9.20 Lembur ditunda. Monitorku dipakai. Aku menghajar beberapa biji rambutan, sambil telentang sembarangan. Samar-samar kulihat orang yang kukangeni, lalu aku terbang ke alam tak nyata.

12.10 Lembur ditunda. Iwan sedang bergerilya mengatasi mediaserver yang rewel. Monitorku masih dipakai. Kuingat-ingat lagi, kenapa tak sekalian set-up ulang kompie 89 yang mulai sering ngambek ini. Umur systemnya sudah cukup tua. Aku ingat men-set-upnya ditemani orang yang saat ini sedang kukangeni. Ah tidak... sebaiknya tunggu sehari dua, saat aku libur. Byurr.. tiba-tiba hujan deras. Kabarnya Maya mati listrik.

12.16 Duer. Mati listrik jua akhirnya. Iwan mengumpat. Baru saja rasan-rasan bahwa jangan sampai acara mati listrik mengganggu setting yang hampir kelar ini. My God! Aku mencuci muka lalu mengikuti si kriwil ke bawah buat bantu-bantu handle pengunjung yang terpaksa pulang karena mati listrik, tapi dihadang hujan deras. Lapar..!

13.10 Lumayan. Hujan makin tipis, aku berlari-lari kecil menuju warung makan pak Tik. Selamat, sampai seberang. Weleh.. mobil anjing ini tiba-tiba memuncratkan air hujan dan membuatku basah-basah-basah. Akh...

13.50 Teeet. Listrik nyala. Aku sedang leyeh-leyeh bareng Guzman. Iwan raib. Aku berlarian ke bawah, checking kalau-kalau jaringan belum terkoneksi. Dan benar. Aku bolak-balik ke atas cuma untuk ngecek sambungan-sambungan, telpon kiri-kanan. Sambil menyalakan satu PC flat di kamar, khusus buat checking, pet.. listrik mati lagi. Suara Kriwil di seberang sono mengingatkan jangan lupa restart Mikrotik saat listrik up nanti. Yups!

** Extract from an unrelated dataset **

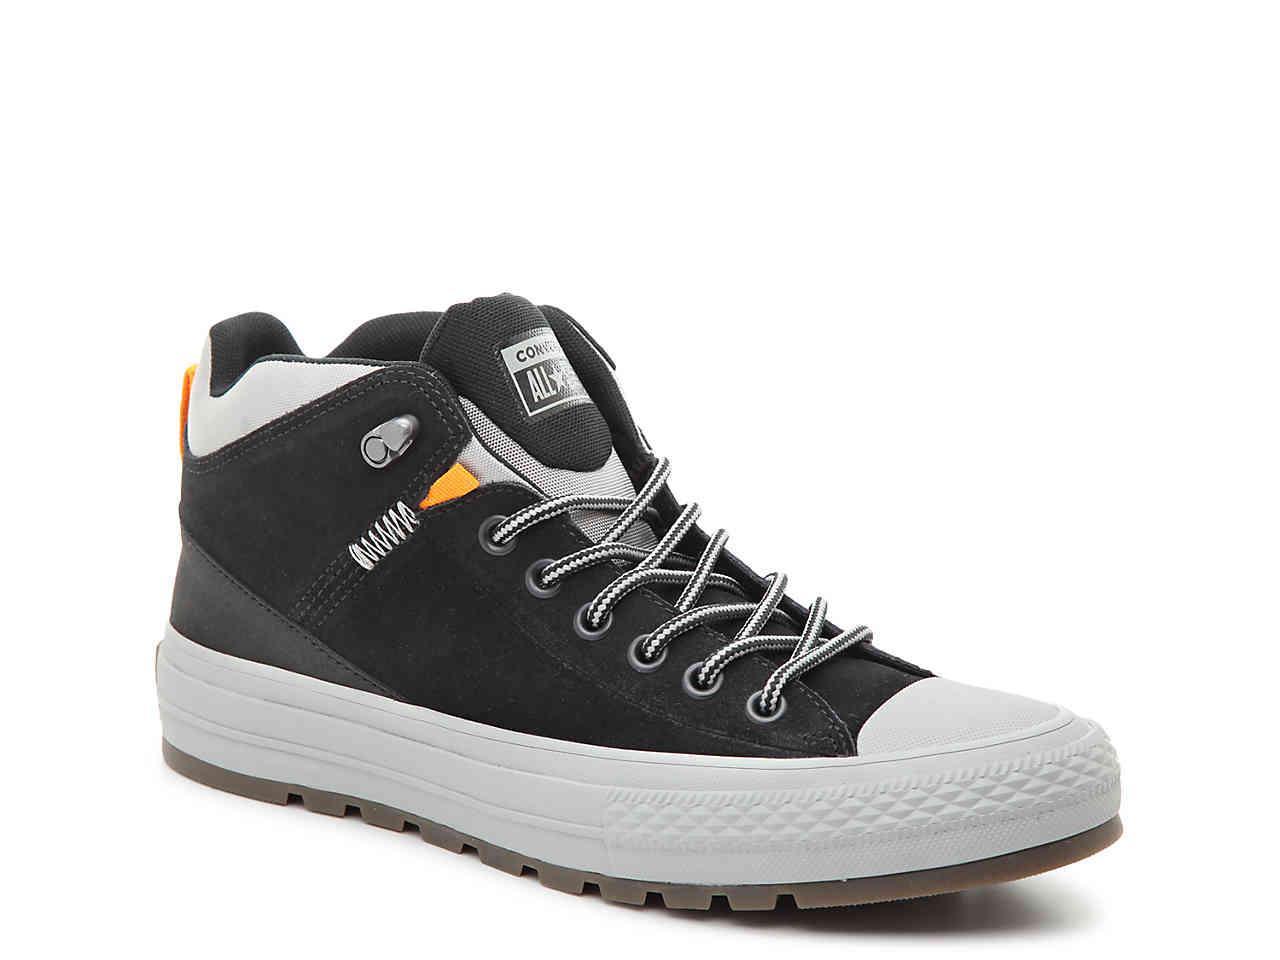 66f71320325c95 Lyst - Converse Chuck Taylor All Star Street Mid-top Sneaker in Black

14.xx Nyala lagi. Bolak-balik lagi karena belum konek lagi. Nyerah deh. Kutunggu Iwan -- si kriwil -- datang, dan masalahnya ternyata cuma perlu cabut colok di sisi Mikrotik. Ya-elah, padahal rasanya pada semua sambungan sudah kulakukan hal yang sama, masih ada yang luput to. Capedee....

15.40 Mulai pada sibuk membicarakan jadwal darurat. Fani sakit. Aku masuk malam nanti. Iwan belum kelar dengan acara teknisnya. Lalu? Aku sangat mengantuk. Tapi banyak pe-er yang tertunda. Selasa hingga kamis adalah hari stress. belum lagi KRS-ku yang tertunda.

16.16 Dia bilang besok sibuk. Ya sudah. Mungkin aku akan mengisi liburanku dengan tenggelam di balik monitor, atau dalam tumpukan sampah, atau di jalanan, atau jadi orang hilang di Sekaten, atau jadi Ki Sanak di halte bus patas. Akh.. entahlah. Aku merasa jadi pengangguran saat tak ada lagi gitar atau kibord di kamar.

16.53 Aku suka menulis. Menulisi diriku? Dear my blog. [cencored]. Aku terus menjadi lapuk karena selalu berusaha menyimpan bara api.

16.54 Teruntuk... Aku sayang kamu selamanya.

xx.xx Ciss..... aku muak melihat diriku sendiri di cermin... Apa boleh buat.. aku adalah diriku... meski apapun yang kuperbuat, aku tetaplah menjadi diriku.